The Big Short Review

rafe spall hamish linklater steve carell ryan gosling the big short
An account of the 2008 banking crisis, focusing on the investors who saw it coming and who bet against the housing market (‘shorting’ it).

by Helen O'Hara |
Published on
Release Date:

14 Jan 2016

Original Title:

The Big Short

How do you make the financial crisis compelling? The challenge has largely defeated filmmakers. They’ve tried the personal tragedy (99 Homes), the documentary (Inside Job) and the ultra-serious recreation (Margin Call) — and while all had their strengths, they barely touched audiences not already interested in the disaster. But Adam McKay may have a better approach, by emphasising not just the criminality of the system but also its absurdity.

From the off, McKay bends over backwards to make this digestible. Ryan Gosling’s breezy, arch narration casually ignores the fourth wall, and the cast is packed with charismatic superstars. Christian Bale is Michael Burry MD, the antisocial hedge fund manager who first sees the rot at the heart of the mortgage derivatives market.
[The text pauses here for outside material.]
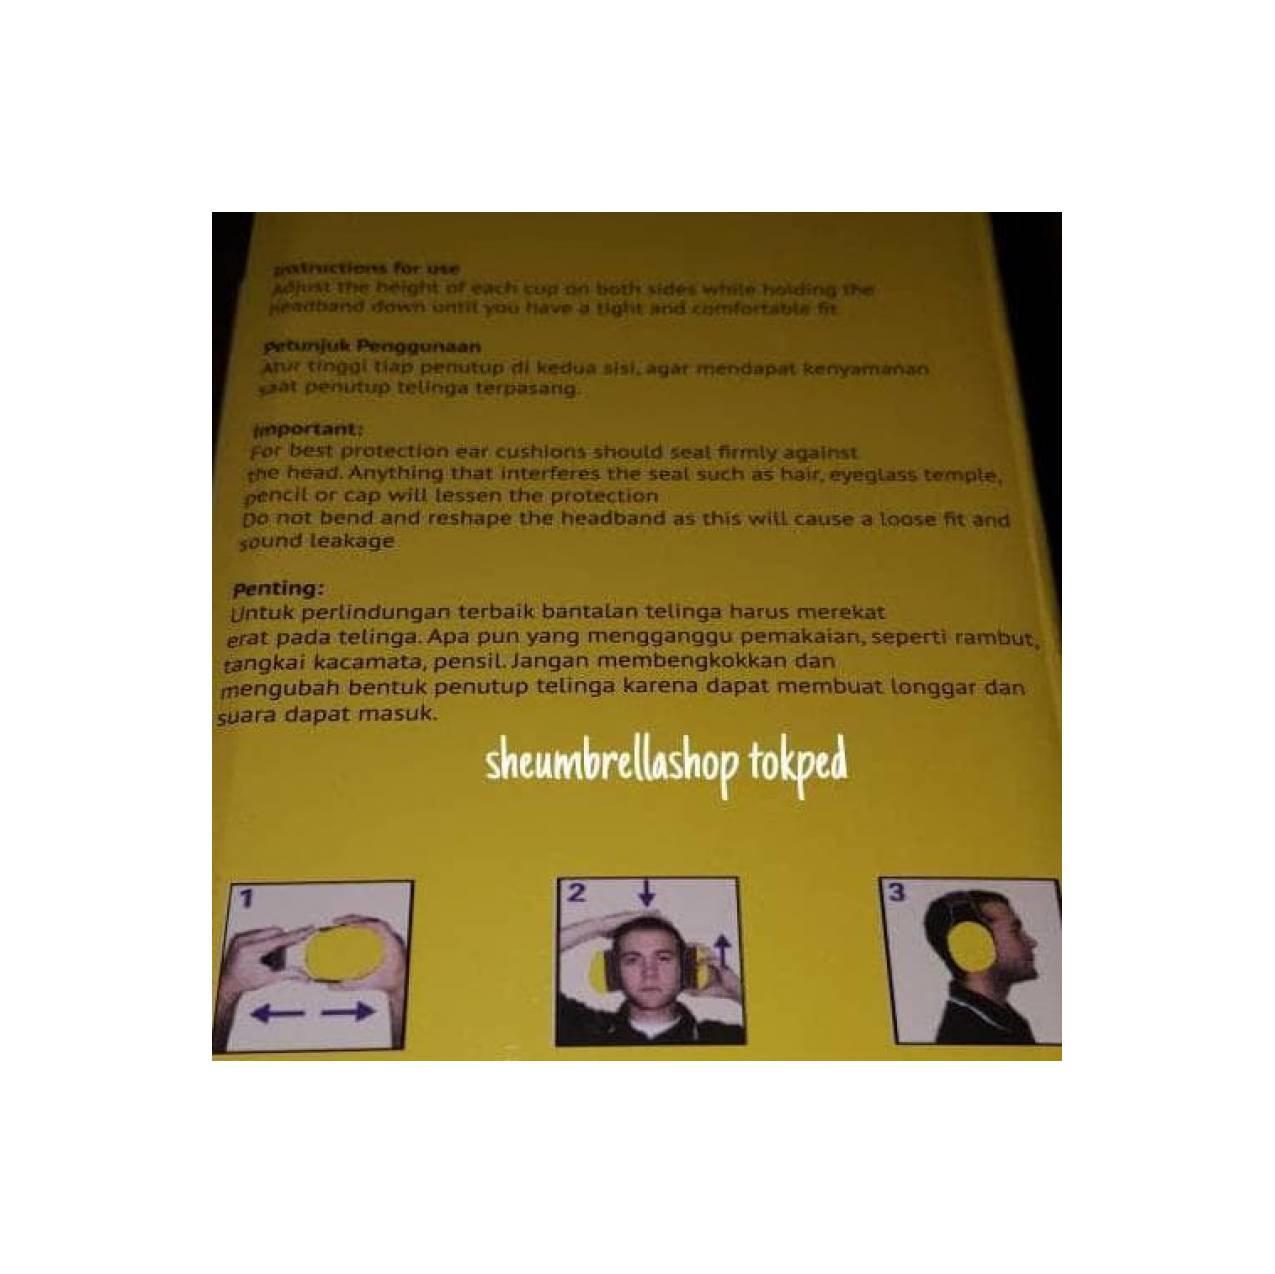 Jual Earmuff Krisbow 35Db / Pelindung Telinga / Headphone Anti Bising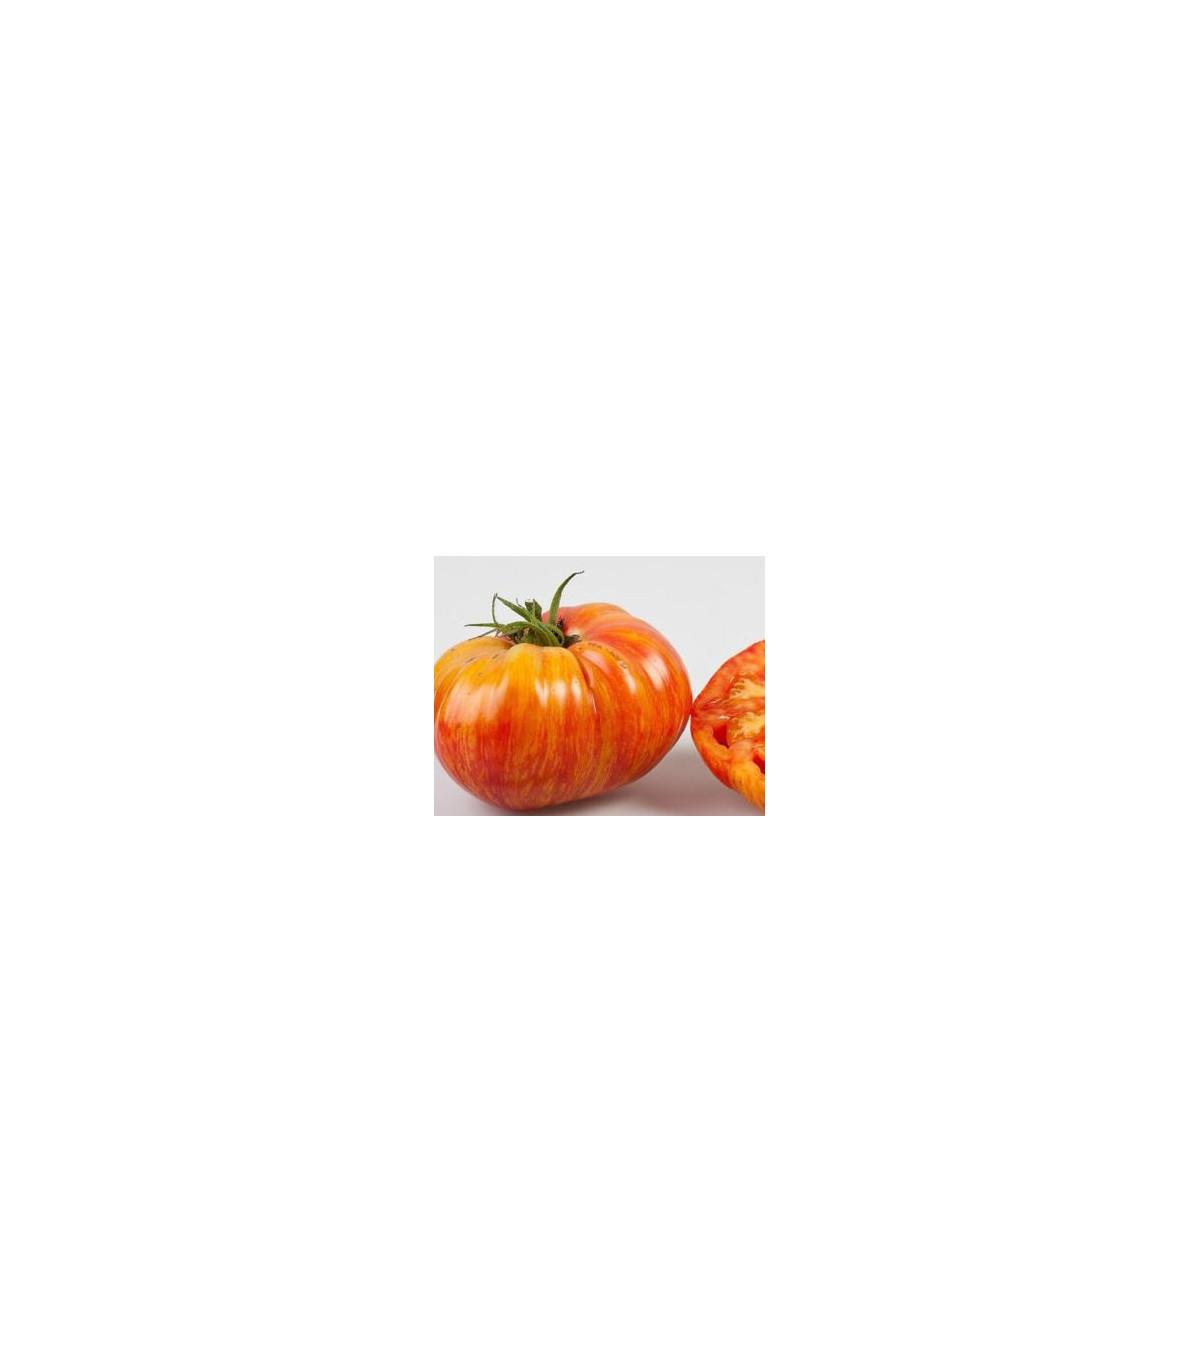 Paradajka kolíková hybridná Virginia F1 - semená paradajky - 5 ks

Soon Steve Carell’s furious Mark Baum and his team take interest, partnering up with Gosling’s wheeler-dealing Jared Vennett. They’re followed by novice investors Jamie Shipley (Finn Wittrock) and Charlie Geller (John Magaro) — who are in turn guided by Brad Pitt’s eccentric Ben Rickert. The film swings fluidly between these three main groups, never pausing enough to drag.

This is the best film yet to tackle the biggest financial disaster since 1929.

To dissect the more technical aspects of the crash, McKay cuts to silly little skits with yet more big names. Margot Robbie, in a bubble bath, explains derivatives, while Anthony Bourdain cooks up a storm that parallels the bankers cooking the books. It still can’t make everything simple — these financial models were designed to be impenetrable — but the tongue-in-cheek approach offers a strong beginner’s guide. McKay also never loses sight of the fact that financiers are socially maladroit nerds who only think they’re masters of the universe, “like someone burst a piñata full of white guys who are bad at golf”, as one character puts it.

There’s an obvious limitation in the fact that the film’s protagonists are part of the system; even as they see the crash coming, their aim is to cash in rather than prevent it. But compared to the reckless, grasping men who wrecked all our finances, they seem paragons of honour and probity — especially when their brilliant schemes become weights around their necks as the system stumbles on.

Though occasionally scrappy and arguably over-long, this is the best film yet to tackle the biggest financial disaster since 1929. It informs and outrages us without resorting to Michael Moore-style haranguing, and if it can just find a mass audience, could finally inspire some change.

Witty, absurd and far more entertaining than it has any right to be, this could finally shed light on the financial crisis for those of us who found it all too boring to contemplate.